> RECORDS FOR THIS TASK:
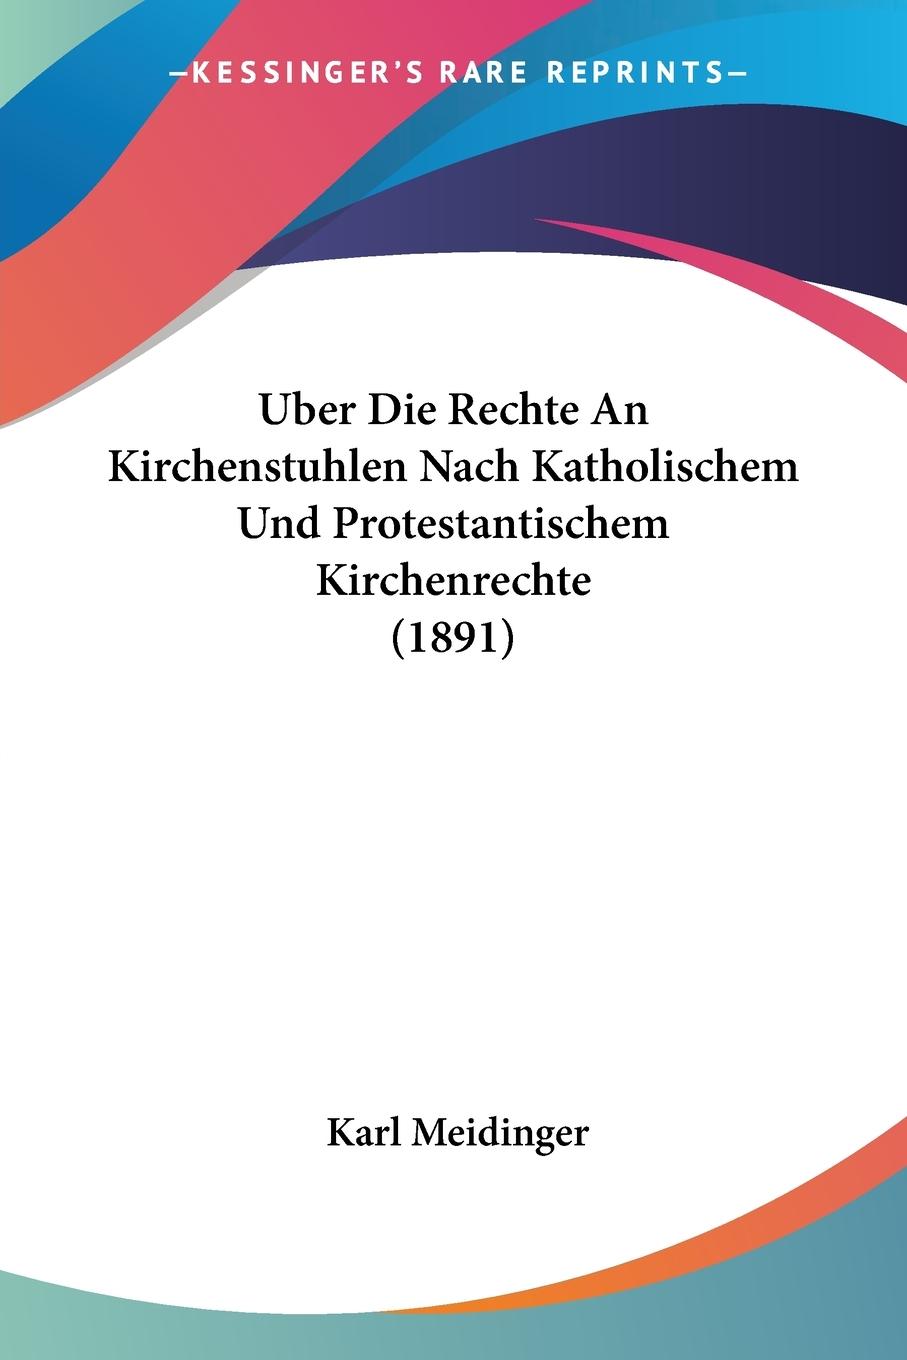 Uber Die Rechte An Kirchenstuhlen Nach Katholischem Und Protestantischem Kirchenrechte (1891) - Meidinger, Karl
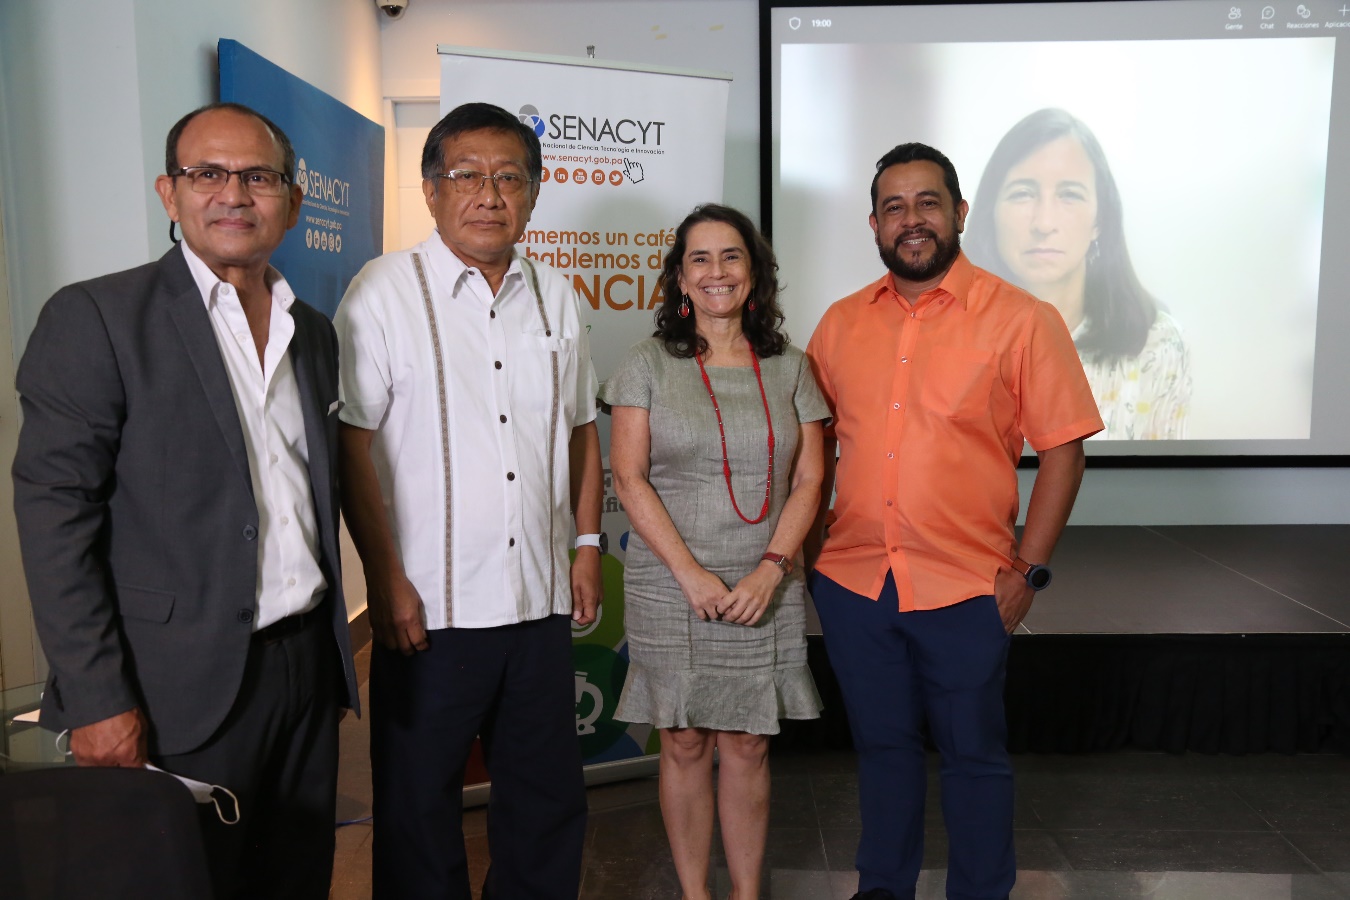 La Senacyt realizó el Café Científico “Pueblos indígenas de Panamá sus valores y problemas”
* * *
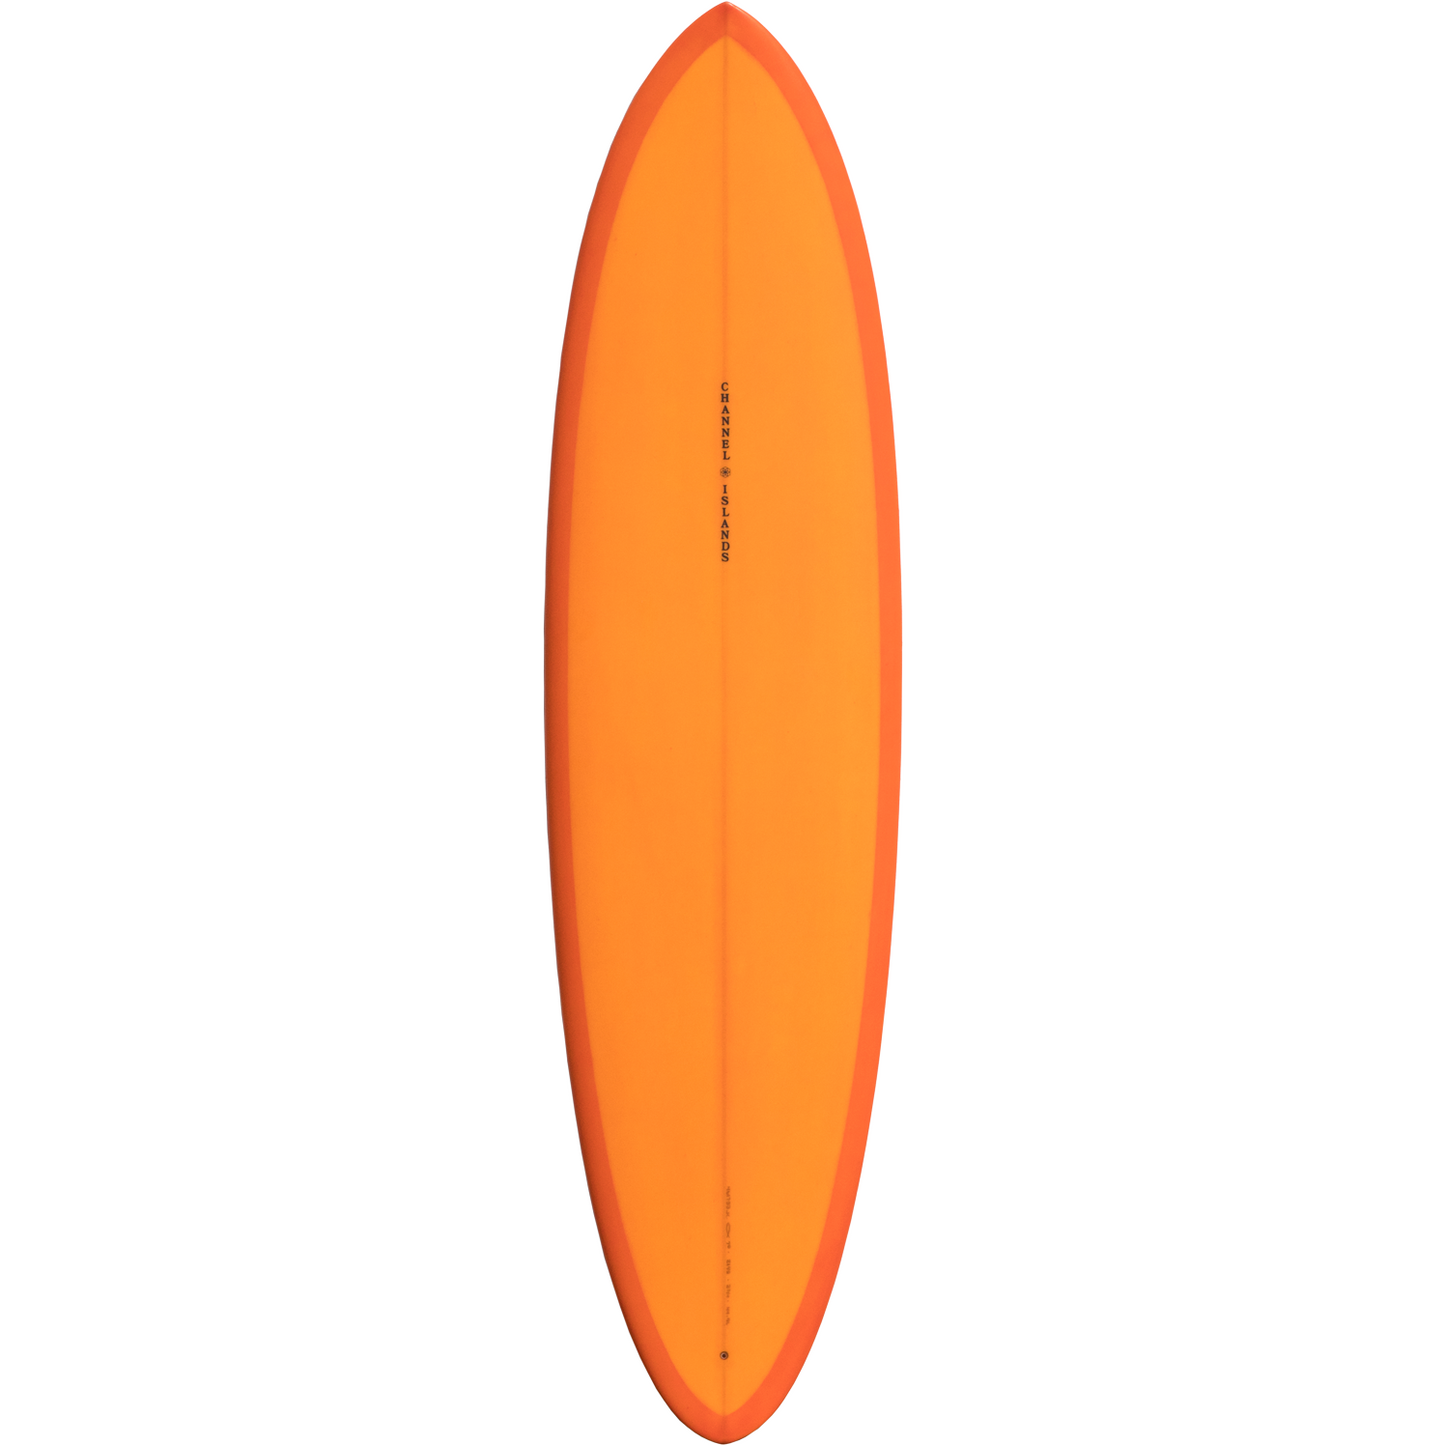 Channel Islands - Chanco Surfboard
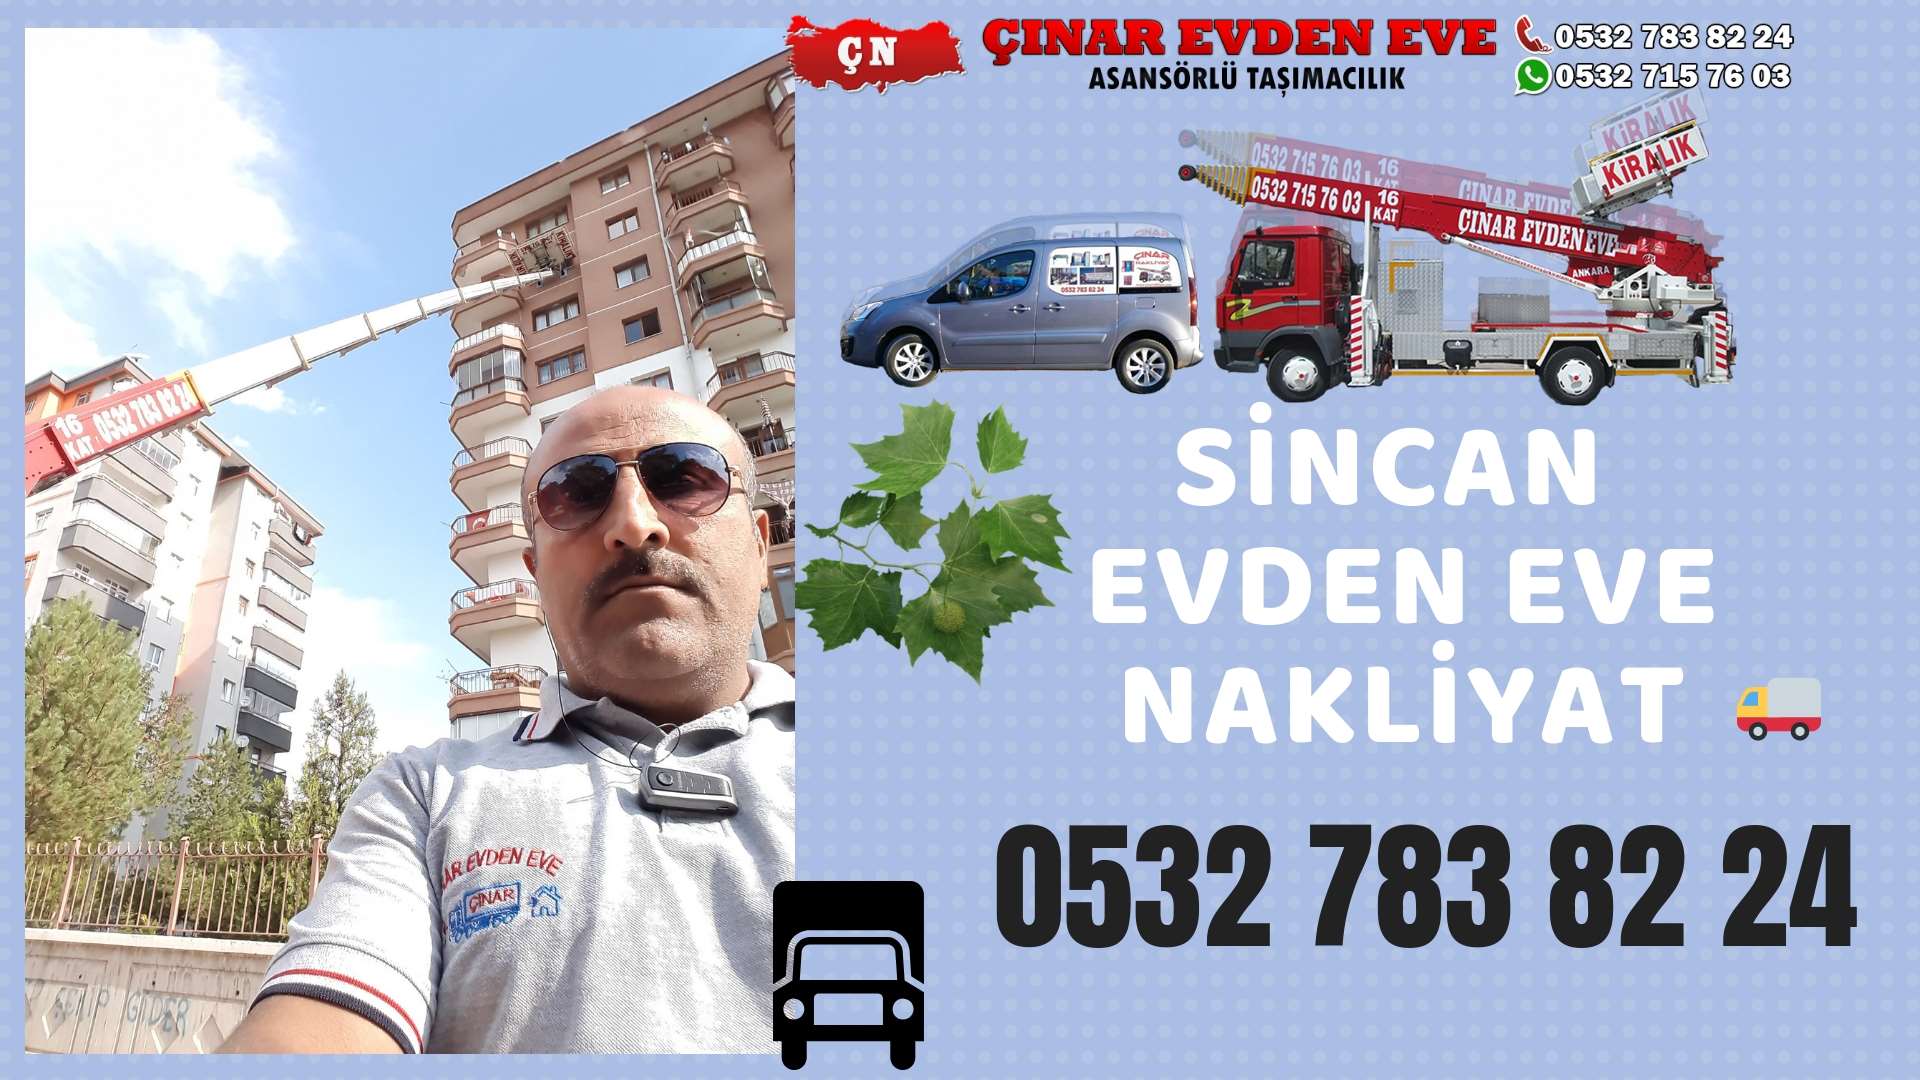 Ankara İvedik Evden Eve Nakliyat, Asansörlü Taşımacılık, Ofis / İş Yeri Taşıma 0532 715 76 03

> WHAT TO DO:
Transcribe, word for word, the lines of the listing above from the one that contains "Uber Die Rechte" through the one that contains "La Senacyt realizó", keeping both ends and dropping the pictures.

> ANSWER SPACE:
 Uber Die Rechte An Kirchenstuhlen Nach Katholischem Und Protestantischem Kirchenrechte (1891) - Meidinger, Karl
 La Senacyt realizó el Café Científico “Pueblos indígenas de Panamá sus valores y problemas”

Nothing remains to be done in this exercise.